The numbers of OTUs in the control and drought sites were almost identical (Figure 2d). However, our HTS data also allow us to evaluate the relative abundances of different Cercozoan genera on this soil type, as can be seen on the heatmaps in Figure 3. It has been suggested that because of their small size (5–10 μm), Glissomonadida are the quantitatively dominant Cercozoa in soils (Howe et al., 2009), and indeed, glissomonads are the most abundant group in our analysis (Figure 3). Among the taxa that could be identified confidently, the euglyphid testate amoeba Trinema was the most abundant genus (Figure 3b). Trinema also presented the proportionally largest changes in abundance of cercozoan genera between the two treatments. Overall, testate amoebae constituted ~19.9 and 17.7% on the two control sites and 15.9 and just below 9% on the drought sites, respectively (Figure 3a). Thus, although our results are not significant, possibly due to the small sample size, they suggest a negative response of testate amoebae to drought in accordance with previous findings (Lousier, 1974a, b; Wilkinson and Mitchell, 2010).

Figure 3
figure 3

Heatmaps displaying the taxonomic abundance and distribution of the sequences (n=85 305) between the four sample sites, at (a) order and (b) genus level. The heatmaps are drawn using the heatmap.2 function of the gplots package, and dendrogram distances are based on Euclidean distance. Taxa constituting <1% of the total taxa have been lumped into the ‘other assigned’ category. Testate taxa are marked with an asterisk. Glissomonads and Euglyphids are by far the most abundant Cercozoa in all samples. Of all taxa, the genus Trinema shows the largest relative change in response to the drought treatment.

Testate amoebae are generally large (members of Trinema usually in the length range of 30–100 μm, or 6–12 times longer than most glissomonads). Hence, even though cell number of glissomonads in the samples exceed that of testate amoebae by a factor of three or four, the same will not be true for their biomass. Since-cell size of protozoan predators is one of the most important morphological factors determining the bacterial community composition (Glucksman et al., 2010), our results suggest a quantitative importance of cercozoan testate genera that merits more attention.

Conclusions

We found the V4 hypervariable region to be the best single region in 18S ribosomal DNA for exploring cercozoan diversity by HTS analyses. Further our analysis using this region showed a high diversity at the studied sites. Cercozoan species have traditionally been defined by morphology supported by 18S Sanger sequencing, and if this concept is to be taken to represent the best estimate of the ‘true diversity’, our analysis of the V4 region from cultured cercozoans species demonstrates that more variable taxonomic markers should be investigated. However, as our conservative treatment of V4 HTS sequence data reveal the existence of a large unknown diversity in just one single biotope, the diversity revealed by less-conservative markers would be quite high indeed.
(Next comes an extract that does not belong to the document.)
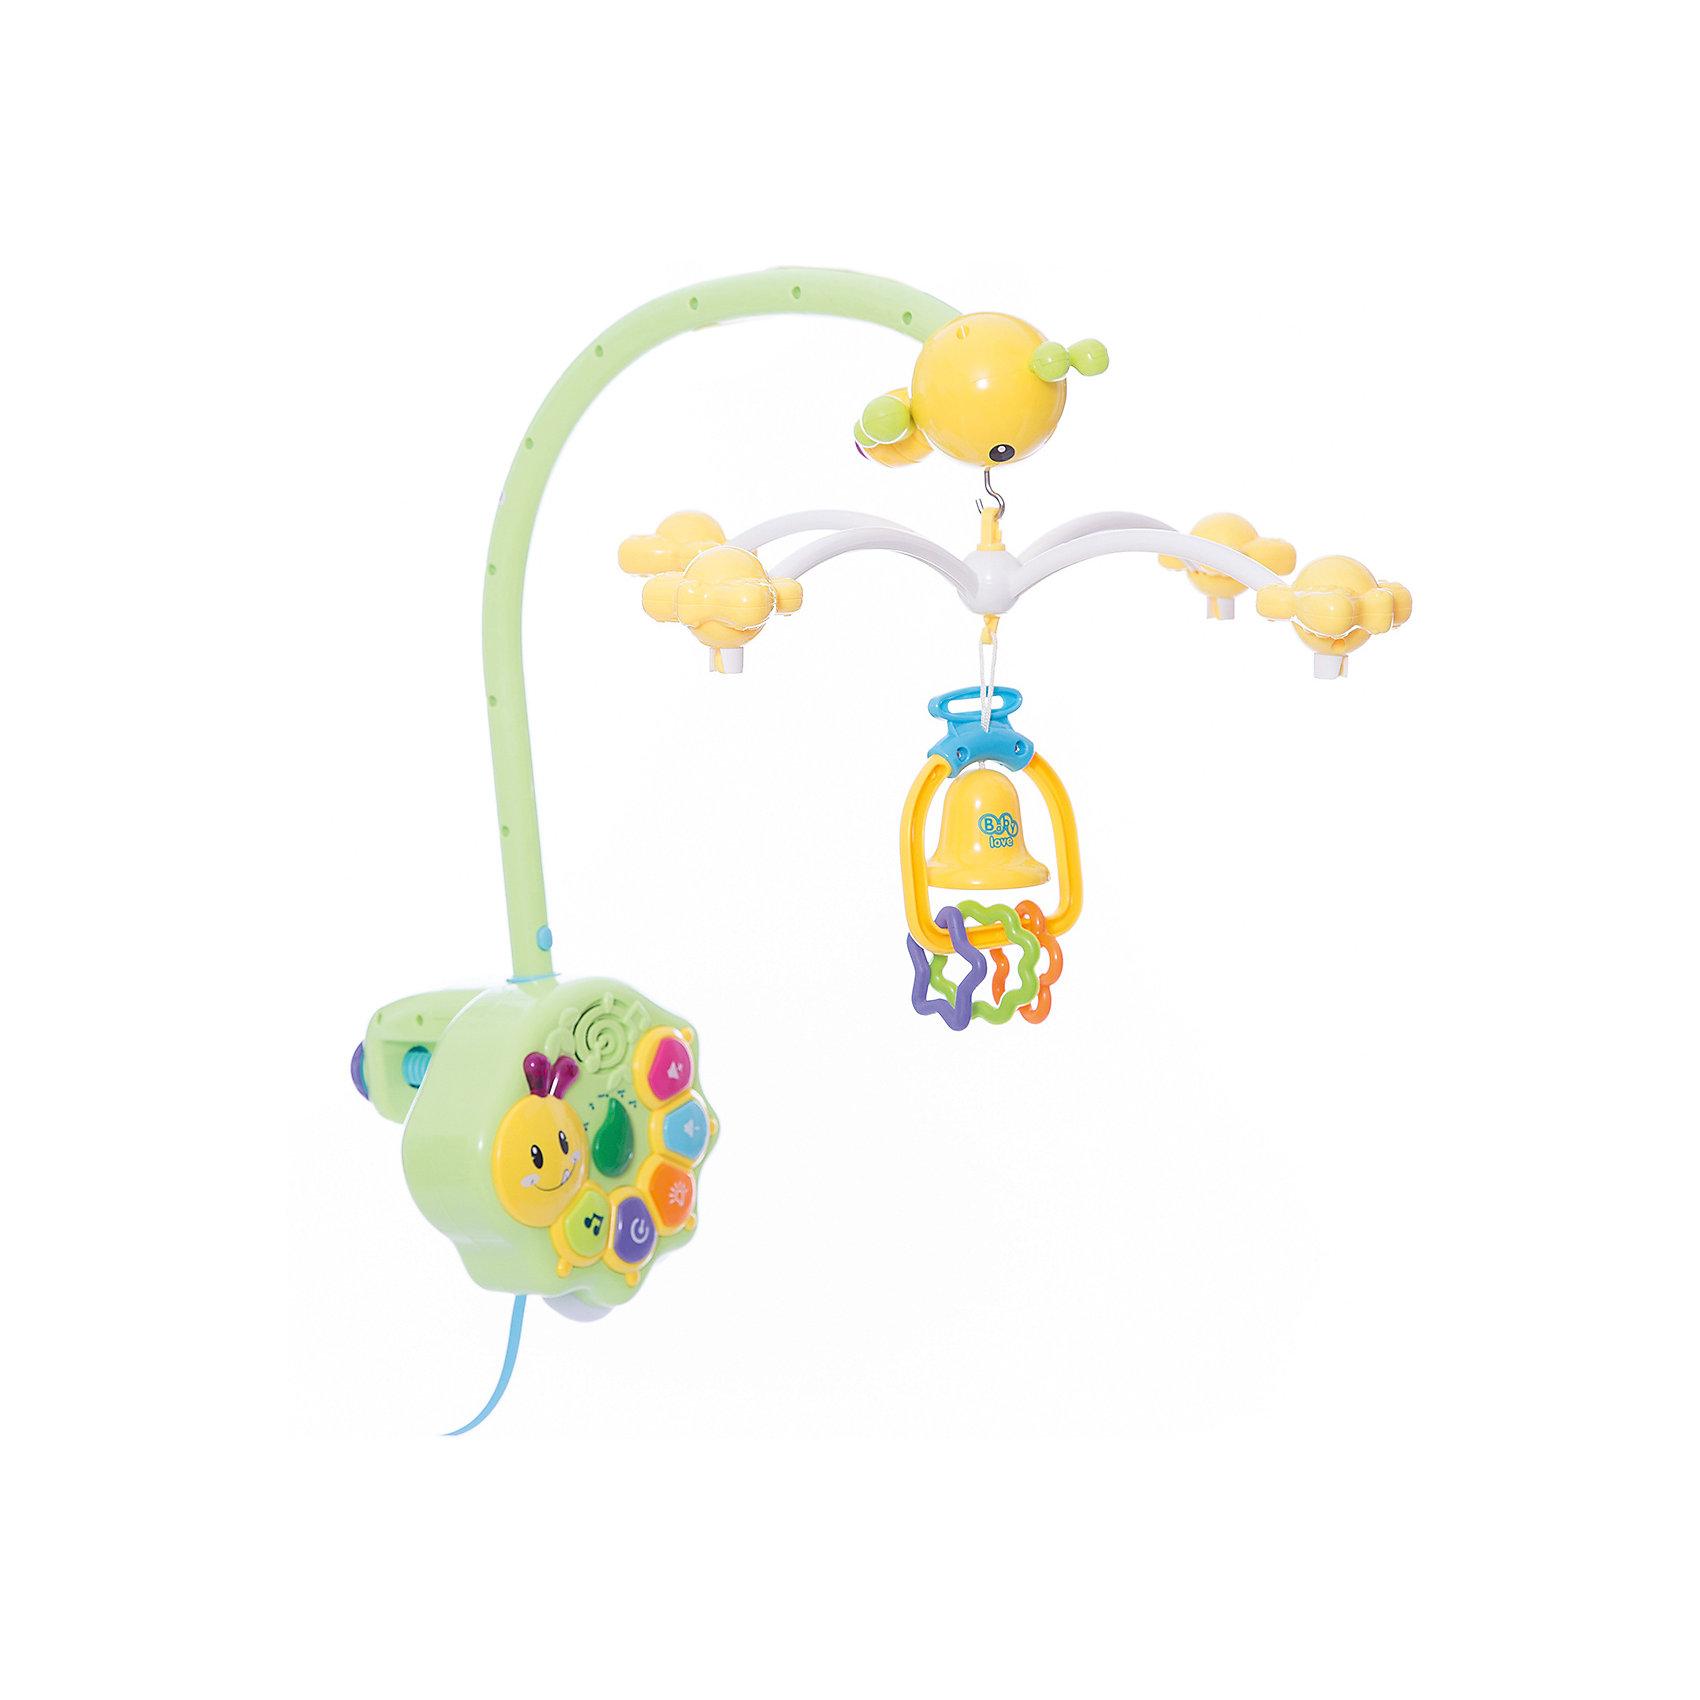 Детская игрушка Музыкальная карусельМузыкальная подвеска работает по принципу карусели и предназначена для крепления к детской кроватке. Все элементы подвески выполнены в ярких цветах, что привлечет внимание малыша, который с удовольствием будет наблюдать танец красочных бабочек и пчелок. На пчелке, во время вращения подвесных игрушек, загорается подсветка. Музыкальная подвеска будет способствовать развитию у Вашего малыша концентрации внимании, зрительного и звукового восприятия. Карусель выполнена из высококачественных материалов и украшена яркими подвесными игрушками. У изделия можно выбрать время исполнения мелодий (15, 30 и 60 минут) кнопку выбора одной из десяти мелодий, уровень громкости, режим ночника, отключения вращения подвесных игрушек. Для работы блока необходимы батарейки AА 4 шт., для пульта АА 2шт., (в комплект не входят).<br><br>Дополнительная информация: <br><br>- возраст: любой возраст<br>- пол: для мальчиков и девочек<br>- цвет: голубой, зеленый, оранжевый, желтый.<br>- тип батареек: на батарейках.<br>- материал: пластик.<br>- размер игрушки: 34 * 44 * 16 см.<br>- упаковка: картонная коробка блистерного типа.<br>- регулировка громкости: есть.<br><br>Детскую  игрушку  Музыкальная карусель можно купить в нашем интернет-магазине.<br><br>Ширина мм: 340<br>Глубина мм: 180<br>Высота мм: 430<br>Вес г: 1930<br>Возраст от месяцев: -2147483648<br>Возраст до месяцев: 2147483647<br>Пол: Унисекс<br>Возраст: Детский<br>SKU: 4904797
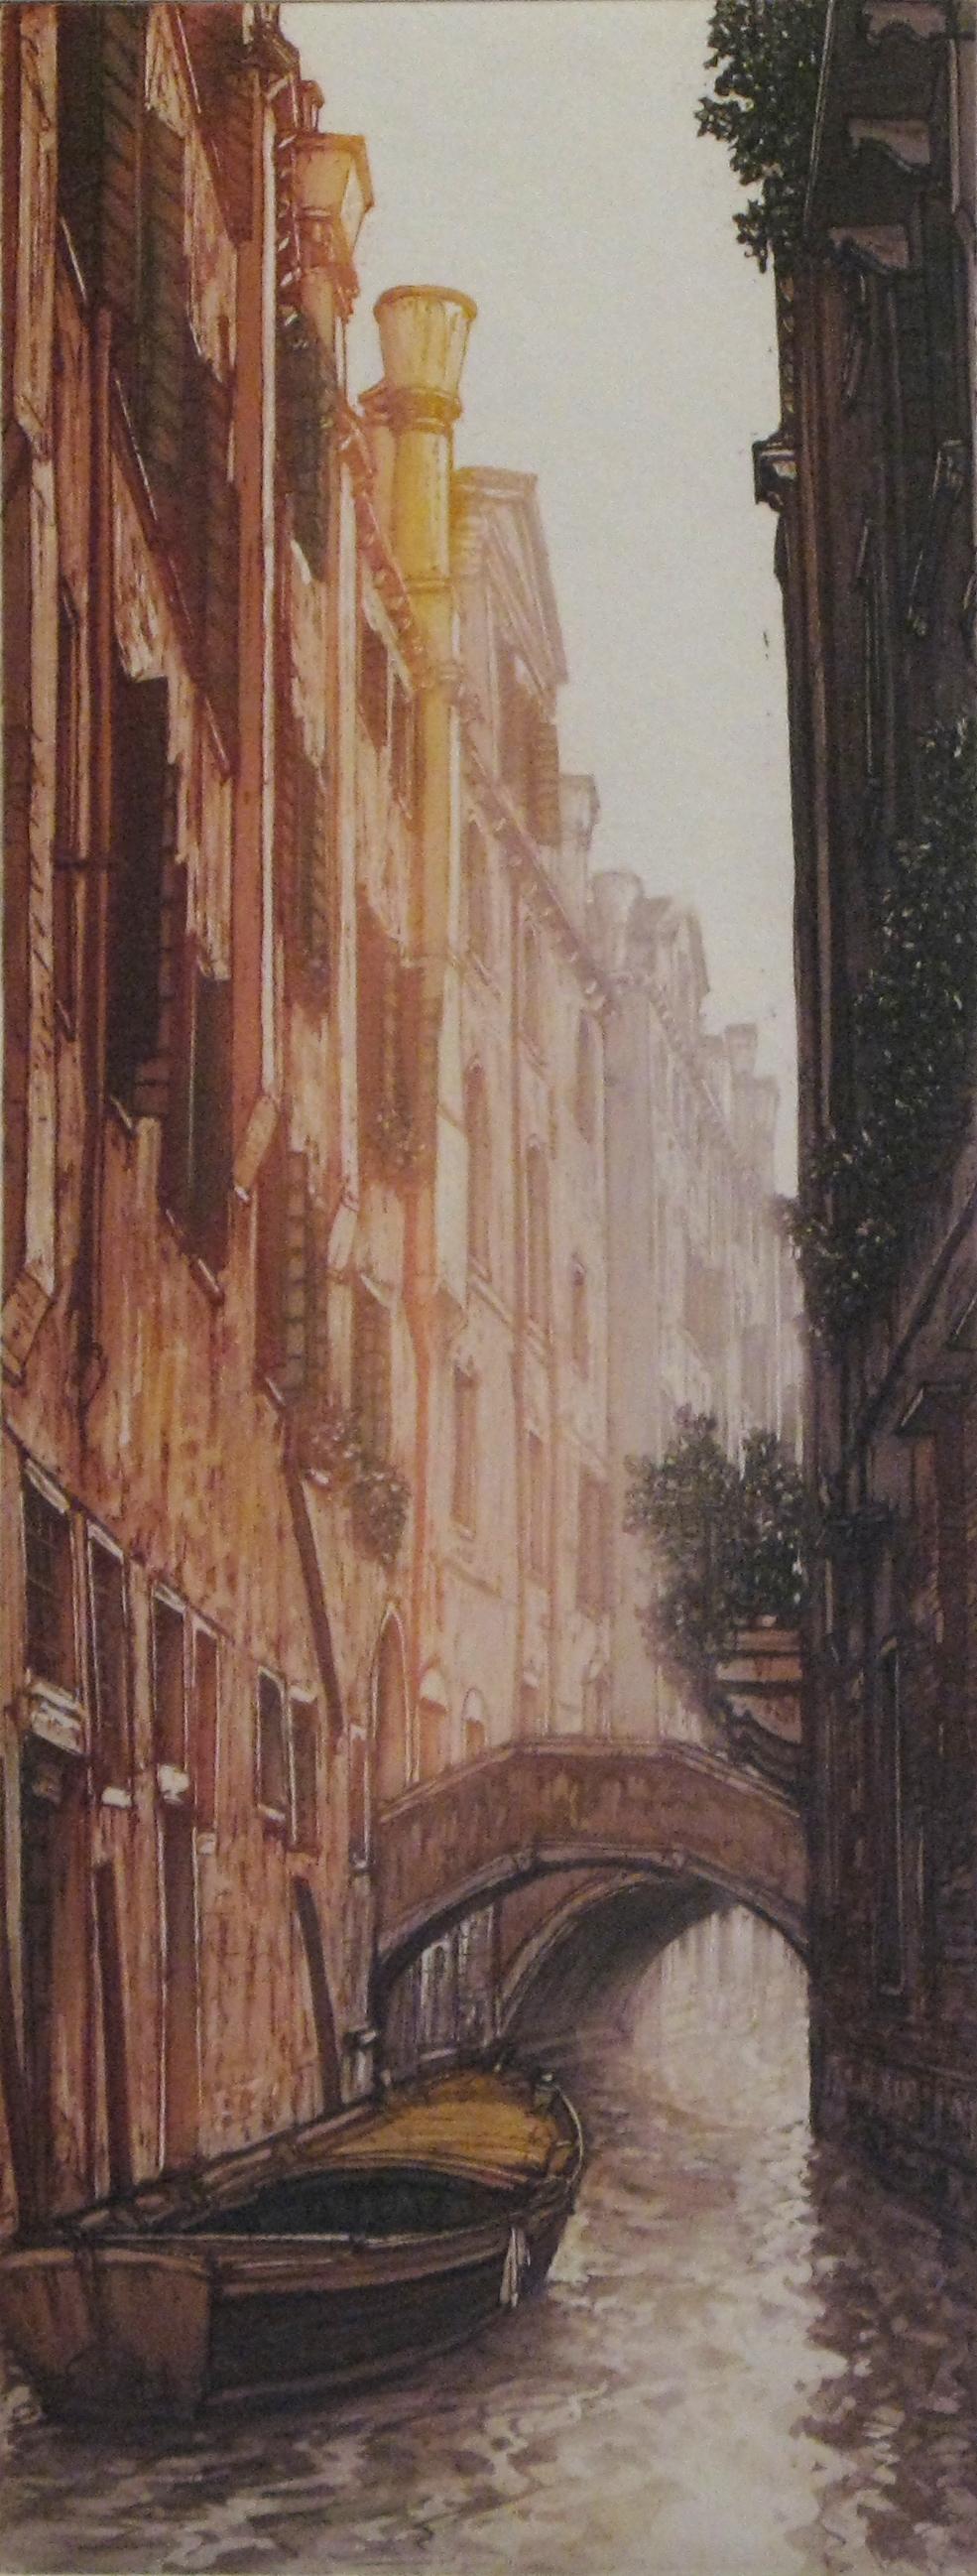 Venice XXXIX

Our results suggest that the soil protozoan diversity per se is largely resilient to the levels of drought expected from the climate change scenarios projected for the Northern temperate latitudes over the 21st century, at least over shorter timeframes. However, they also suggest that among Cercozoa, testate forms are the most sensitive to drought and hence good indicator organisms to detect soil community changes in the early stages of climate change. Finally, our data indicate that a sampling of close to 105 sequences is necessary to reach sampling saturation in HTS studies of Cercozoa in soil samples. This should be taken into account in future HTS studies, especially those that wish to use general eukaryotic primers to gain an understanding of eukaryotic subgroups.